You can stimulate metaphorical thinking. At the simplest level, just make a concerted effort. Walk around, look at things, feel them, smell them, try to envision what those things remind you of — a summer’s day, a calculator watch, a used condom, a wicker basket heavy with roadkill, James Franco. Take one thing and then ask, how is it like another? Find the traits they share, both literal and abstract (hint: it’s the abstract ones that really matter). You can also force such stimulation: sleep or sensory deprivation will do it. So too will the right amount of al-kee-hol (not too much, but not too little, either). Probably the biggest category of “metaphorical stimulator” comes from hallucinogens, which are illegal and you should never do them. BUT IF YOU DO NEGLECT MY ADVICE AND WOLF DOWN A PALM FULL OF FUNNY MUSHROOMS AGAINST MY DOCTORIAL PROHIBITION, you’ll find that your brain makes crazy leaps between things — the very nature of hallucinations is due to the powerful tangling of sensory neurotransmitters (note: not a brainologist). Hallucination is metaphor; metaphor is hallucination.

21. Poe Tray

Another critical way to train your brain to love the metaphor: read poetry. Lots and lots of it. Old and new from every geographic region. Then: write it. Poetry is often a doorway to a metaphorical wonderland. You know what else is a doorway to a metaphorical wonderland? Churros. Mmm. Churros.

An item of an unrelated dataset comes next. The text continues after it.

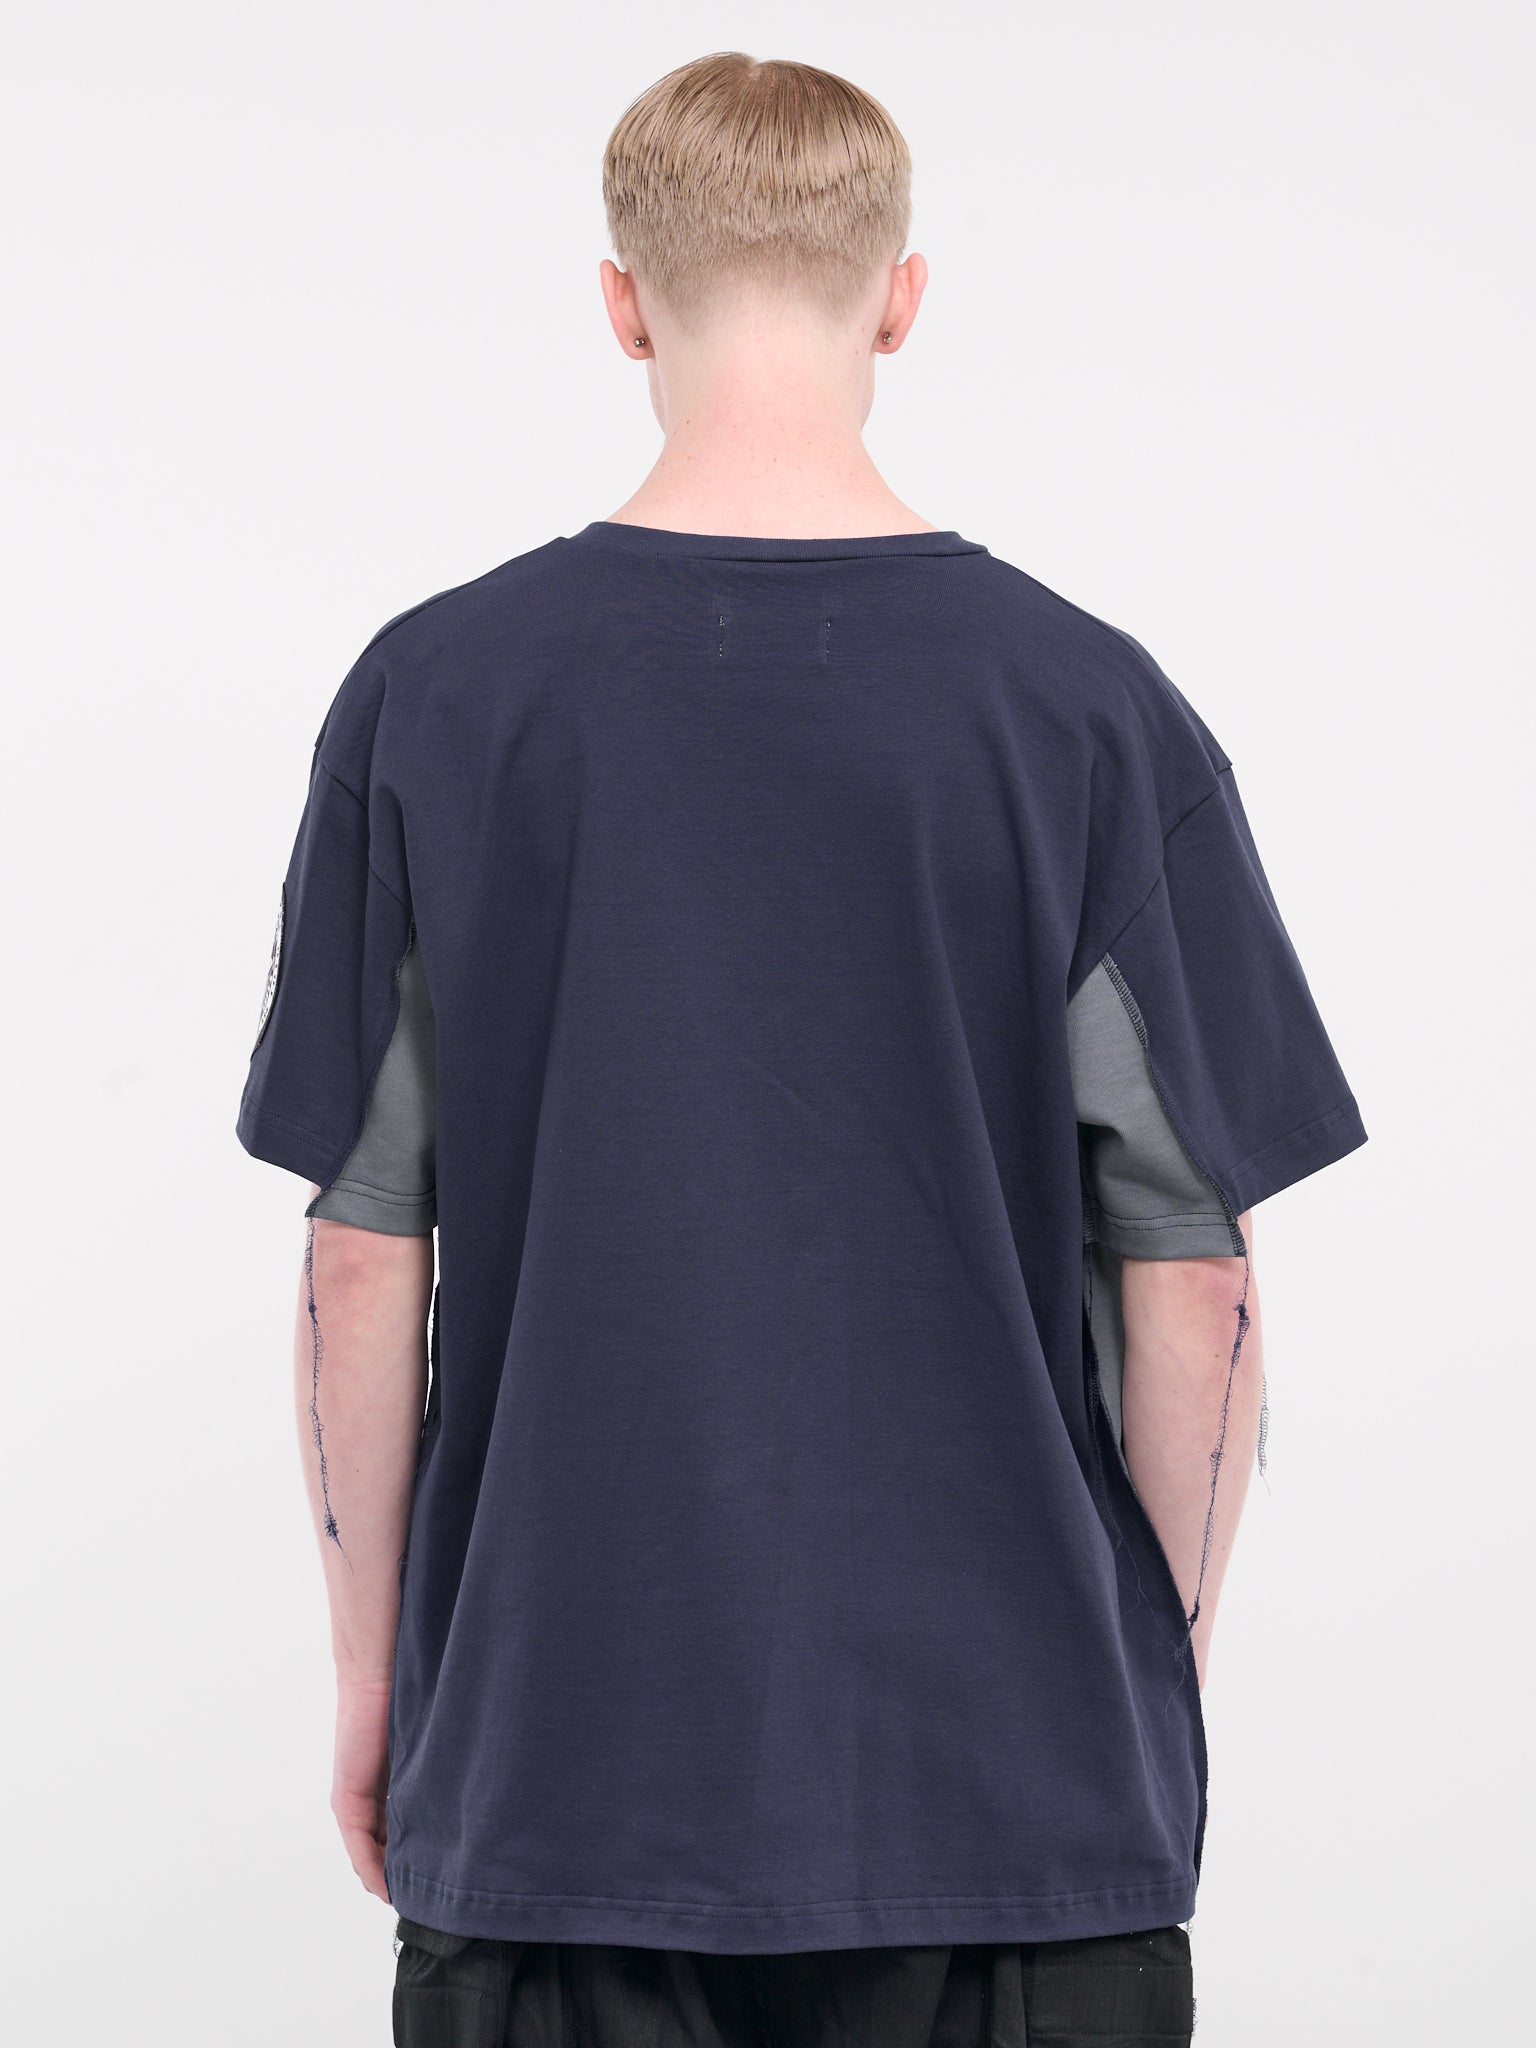 Distressed Graphic Patch Tee (KL820-NAVY-GREY)

22. Profanity Is A Kind Of Metaphor

I want to point this out because, well, me and profanity? We’re buds. We’re bros. We’re in the Fuck Yeah Sisterhood. We went to space camp together and sold Girl Scout Cookies together and lost our virginities togeth… you know, we don’t need to keep talking about that. What I’m saying is, when I say, “Dave is a shithead,” I don’t mean he’s actually got a literal pile of feces roosting on his shoulders. When I say, “Fuck you” in anger, I don’t mean I actually want to fornicate with you. (I mean, probably.) Profanity is abstraction. It’s dirty, filthy, gooey abstraction. And it is wonderful.

23. Metaphor Is A Strong Spice

Don’t overuse metaphor. Every paragraph can’t be a metaphor for another thing — sometimes you just have to say the thing that you want to say without throwing heaps and mounds of abstraction on top of it.

24. Blood Makes The Grass Grow

No, wait, sorry, I mean, “Practice makes perfect.” Silly me! If you’re not particularly comfortable with metaphors, if they make your throat tight and your body tense and cause you to pee two, maybe three drops of scaredy-urine into your Supergirl underoos, you merely need to practice. Sit down. Write metaphors. Let your brain off its chain and see what it comes up with. Write a whole page — hell, a whole fucking book — of the damn things. Nobody’s reading these. No pressure. Care little. Just write.

25. Metaphors Are Part Of An Artistic Frequency

Narrative can, at the basic level, exist in a way where it tells us what has happened or is happening. Right? It serves as a simple explanation, the story being the literal actions taken and words spoken. John went to the grocery store. There he saw Mary. John and Mary kissed by the cantaloupes. John said, “I love you.” Mary Tasered him in the nipples. John died. Mary took his shoes. Whatever. But our storytelling can have levels that go above and below our words, that exist outside the literal flow of events and dialogue spoken. We have subtext. We have authorial intent. We have theme and symbol. And, drum roll please, we have metaphor. Metaphor elevates our narrative. Subtext is an invisible layer but metaphor is very visible, indeed: with metaphor we’re adding new colors to the sensory and experiential wavelength. This is why we use metaphor: to elevate storytelling to more than just the story told.